At Ducketts near Cambridge in St James, slave Patrick Ellis was ordered to 'freeze', but he refused, declaring as he bared his chest: “I am ready, you can fire your volley, shoot me because I will no longer live another day as a slave”. As he continued walking towards the snipers, he was greeted with a bullet between his eyes. Ellis was no more, but so was his enslavement.

Tacky's Easter Monday Rebellion in 1760 in St Mary and the Sam Sharpe Christmas Rebellion of 1831-32 were both packed with Christian as well as solid Myalist symbolisms in a continuum of the relentless struggle of our foreparents for freedom and dignity.

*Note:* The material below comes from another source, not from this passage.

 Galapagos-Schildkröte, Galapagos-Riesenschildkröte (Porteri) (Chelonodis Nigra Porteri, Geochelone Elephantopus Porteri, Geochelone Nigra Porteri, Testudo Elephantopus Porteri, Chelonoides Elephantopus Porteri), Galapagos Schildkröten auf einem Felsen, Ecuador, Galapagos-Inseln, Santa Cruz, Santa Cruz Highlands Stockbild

I believe we were on their minds, and expect some of us to clean up the piles of disrespectful, insulting nonsense and lying foolishness masquerading as Jamaican history. Professors Rex Nettleford, Orlando Patterson, Richard Hart, Kamu Braithwaite and, Baptist pastors Clement Gayle (Book: George Liele….. Pioneer Missionary to Jamaica), Alfred Lane Pugh (Book: Pioneer Preachers in Paradise) among others, have laid a solid foundation upon which others must build. Our ancestors knew that this day would have come — welcome to the dawn of a brand new day, historically. May the God of our forefathers be praised and all His children, Jews and Gentiles, jailed and jailer, be lifted up in this the second phase of our mutual liberation! Yes! For the truth shall set men free.

Political commentator Shalman Scott is the first Mayor of the city of Montego Bay.